The pound advanced to its strongest level in almost 18 months against the euro after the European Central Bank cut its deposit rate below zero for the first time and announced further measures to counter deflation threats.
Sterling gained versus the dollar after the Bank of England kept the main interest rate unchanged at a record-low 0.5 percent. While a worsening in the economic outlook and a prolonged spell of slow inflation prompted the ECB to inject more stimulus, in the U.K. the debate is about when officials will raise rates. The British benchmark will rise to 1 percent by the third quarter of next year, according to economists surveyed by Bloomberg.
“It’s a function of the expectations of divergence in terms of how they will be dealing with monetary policy, with the ECB looking for more stimulus measures, and indirectly would be looking for a lower euro,” said Neil Jones, head of hedge-fund sales at Mizuho Bank Ltd. in London. “Sterling is outperforming in part because of the expectation that the next move, as far as the Bank of England goes, will be higher.”

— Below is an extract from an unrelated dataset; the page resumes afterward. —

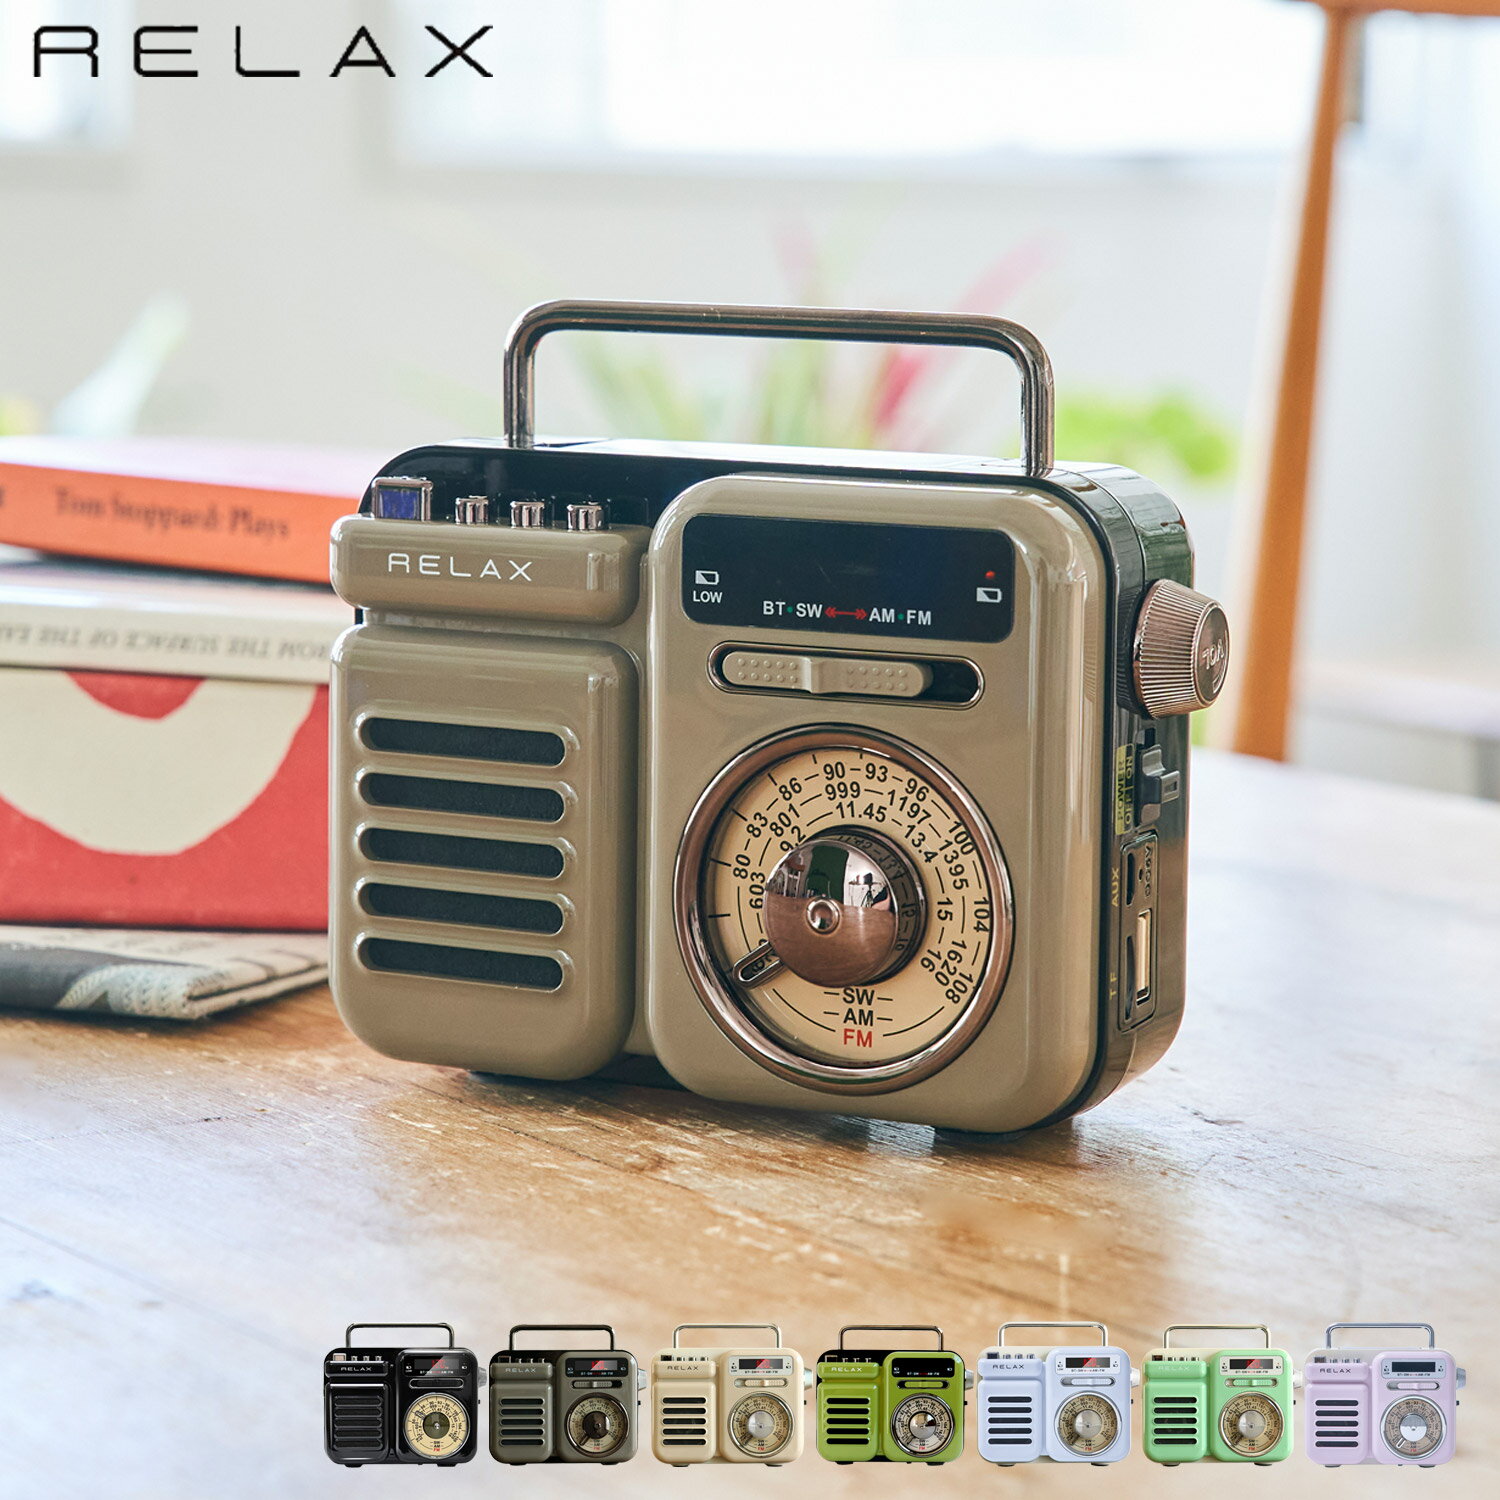 リラックス RELAX マルチ レトロ ラジオ 小型 携帯 防災用品 ライト アラーム SOS機能 モバイルバッテリー 音楽再生 時計 スピーカー RE096 アウトドア

The pound gained 0.2 percent to 81.90 pence per euro at 4:30 p.m. London time after appreciating to 80.65 pence, the strongest level since Dec. 12, 2012. Sterling rose 0.4 percent to $1.6802, having slipped yesterday to $1.6699, the weakest since May 29.
ECB President Mario Draghi and his colleagues reduced the deposit rate to minus 0.1 percent from zero, making the institution the world’s first major central bank to set a negative rate. Officials also lowered the benchmark refinancing rate to 0.15 percent from 0.25 percent.

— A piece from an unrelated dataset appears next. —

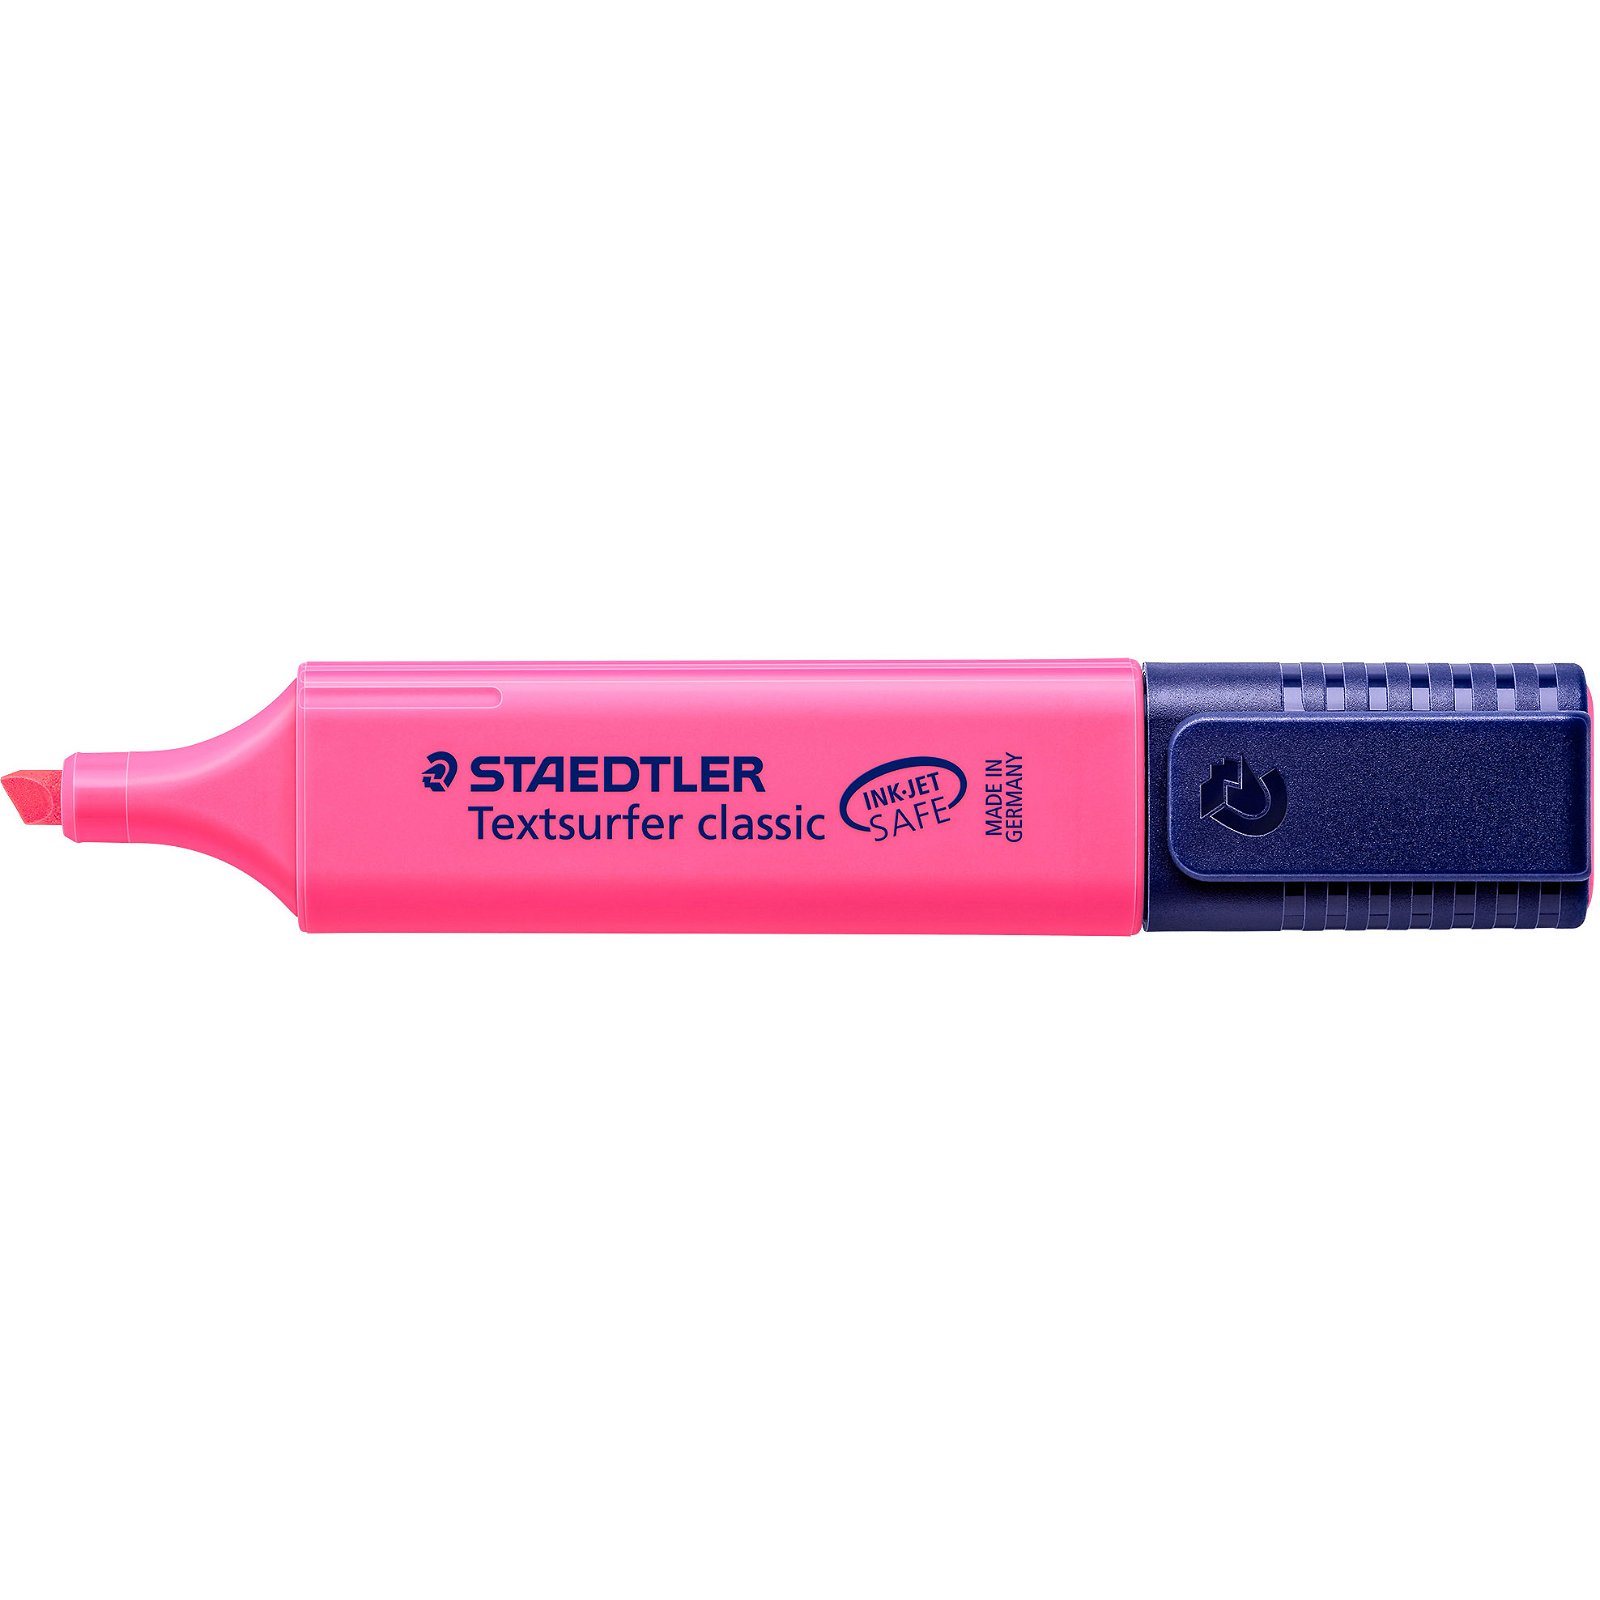 STAEDTLER tekstsurfer 364 classic tekstmarker pink

Europe’s 18-nation currency declined against most of its 16 major peers after Draghi said the ECB would introduce, targeted offerings of liquidity to banks to encourage them to lend money to the real economy. Officials will also start work on purchases of asset-backed securities, he said.
Sterling has jumped 8.8 percent in the past 12 months, the best performer among 10 developed-nation currencies tracked by Bloomberg Correlation-Weighted Indexes. The euro rose 3.2 percent, while the dollar slipped 1.2 percent.
The policy divergence is reflected in bond markets, with returns on U.K. government bonds this year trailing those on their euro-area peers by an average 2.5 percentage points, according to Bloomberg World Bond Indexes.
The yield on 10-year gilts was 87 basis points, or 0.87 percentage point, more than that on similar-maturity French bonds, up from a 2014 low of 35 basis points on Jan. 13, based on Bloomberg generic yields. That’s the widest since May 2007.
“There is a clear decoupling” in economic performance and monetary policy between the U.K. and euro area, Patrick Jacq, a fixed-income strategist at BNP Paribas SA in Paris said before the central bank decisions. “For the U.K., we expect there will be a rate hike by the end of the year and the market will gradually position for such an outcome.”
That difference will expand to about 1 percentage point by the end of 2014 as the U.K. 10-year yield rises to more than 3 percent and its French counterpart moves “just above” 2 percent, Jacq said. The median of economists’ estimates compiled by Bloomberg is for the 10-year gilt yield to increase to 3.30 percent while the French rate climbs to 2.30 percent.
Benchmark 10-year gilt yields fell two basis points to 2.68 percent. The 2.25 percent security due September 2023, rose 0.185, or 1.85 pounds per 1,000-pound face amount, to 96.535. The rate on similar-maturity French securities fell four basis points to 1.80 percent.